# A FLAT TRIO



## harvey (Dec 30, 2008)

This is a trio of 36 foot deep framed heavy weight flats I started a year last April. The reason I finally got to finish them off is that I was doing more damage to them just moving them out of the way all the time.I plan to use them, or at least two of them, for idler flats with the Well Hole car when I get to build the load for it.
The black blob photograph I think is a good example of how decals bring a model to life. I'm usually quite impatient at that stage of building anything and I have to force myself to take a break and let the decals dry.
I apologise for not taking more building photographs, but I think the one's here will provide a good overview of what was done.









The Black Blob. The post in the middle is not part of the car, but an umbrella stand.










What a difference a decal or two makes.









Only now did I notice the bent brake shaft. See what I mean about damaging them by continuously moving them. Being as I've never seen a straight one I think I'll leave it alone.










A quite day at the elevator.



















Painting the undersides was a bit of an ordeal. The top was masked off on the frame only and the underside framing painted, this allowed me to spray (airbrush) from both top and bottom. Then the decking was installed and painted on both sides by hand brush, then all the places I touched with the brush that I should have been more careful with were repainted.










These are a couple of building photo's, all styrene and all scratch built.




























Thank goodness these are out of the way.

And the credits again;
Kadee 830 Couplers.
Ozark Miniatures for pole pockets and hand brake details.
USA Trains for the train line valves & trucks.
San Val wheels.
CedarLeaf Custom Railroad Decals
Poly Scale Paints...getting low on these!! 
and the rest again by me.


----------



## Dave Meashey (Jan 2, 2008)

Harvey;

Those are really beautiful cars.

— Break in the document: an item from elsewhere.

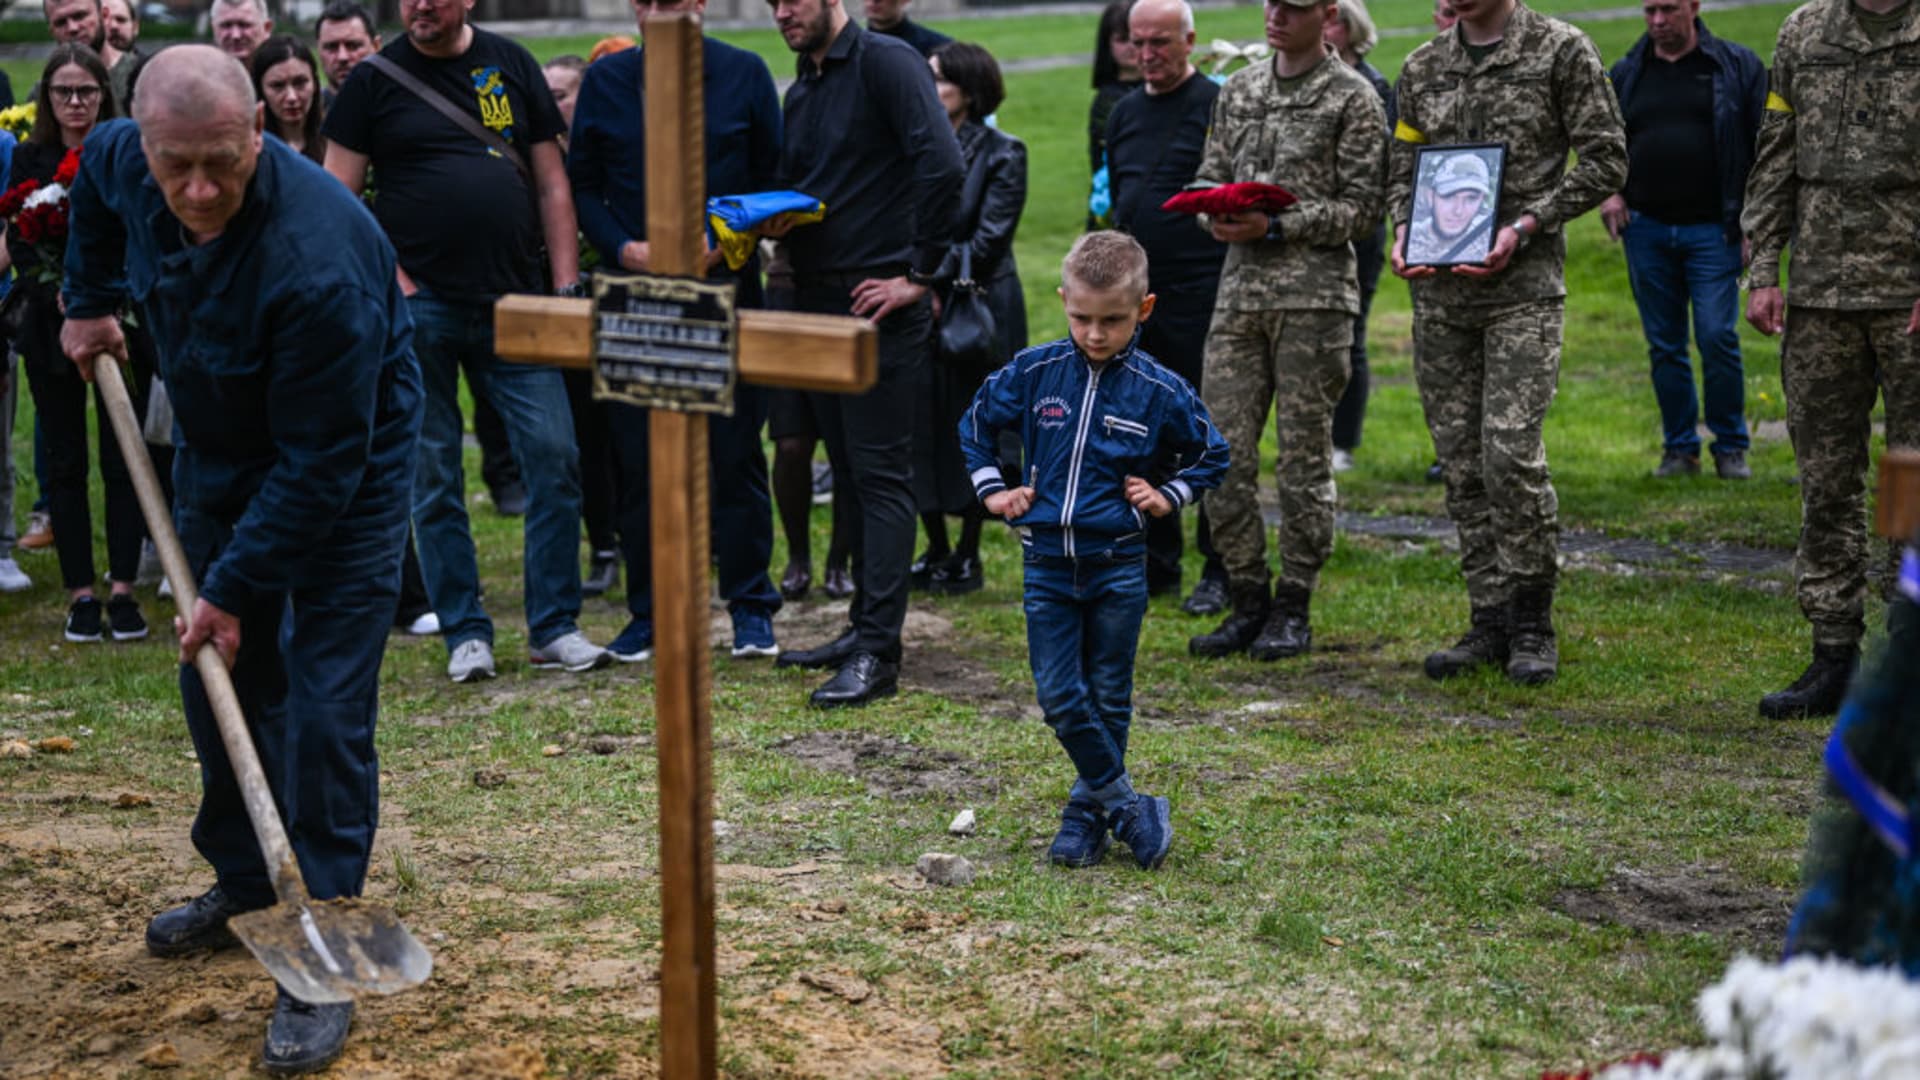 A child watches grave diggers putting soil on the grave of the the fallen sniper, Maxim Mayevsky, age 34 mourn during his funeral at the Field of Mars of Lychakiv cemetery in Lviv, Ukraine on May 13, 2022.

Well done! Now, concerning the "black blob" in the first photo. I did not really notice it until later because I was actually admiring the cut white marble blocks on each end of your car, mounted over the trucks. Only later did I realize that they were actually the covered backs of patio chairs.
















Oh well, the cars are still really fine.

Best wishes,
David Meashey


----------



## harvey (Dec 30, 2008)

Hi Dave,
Well yes I have to admit that photography is not one of my stronger skills.
Now I know I'll get razed at the railway club as they'll all be asking where the marble blocks are?
You see I did notice the umbrella sticking out of the deck on one photo. I think it's a bit like taking photographs of your kids, you really don't notice the hideous dress they're wearing until someone else points it out.
Thanks for your other comments though. 
Maybe I should have posted this in the photography forum instead, it would have been a good example of what not to do with your trains.
Cheers.


----------



## Dave Meashey (Jan 2, 2008)

Harvey;

Your photos are fine, it was my perception that was off. I had seen photos of heavy flat cars like that being used to ship marble blocks for constructing the Washington Monument, so my mind made an invalid connection. Heck, that photo is better than the one below, where the train runs happily beside some gargantuan Christmas presents.










Best wishes,
David Meashey


----------



## harvey (Dec 30, 2008)

Hi All, I finally have an update on the progress of these flats.
While two are to be idler flats the other one has to do some work and is loaded accordingly.
The idea of using a bridge section load came from the C. & O. Historical Society who provided me with a photograph of a well hole car carrying two bridge sections. I've continued this on with both the 36 foot flat and the 53 foot depressed centre car.
Here are the results.






























Many thanks to Stan Cedarleaf for the decals. I'm sure these were a bit of a challenge.
And thanks to everyone else for their great comments on these cars and the others.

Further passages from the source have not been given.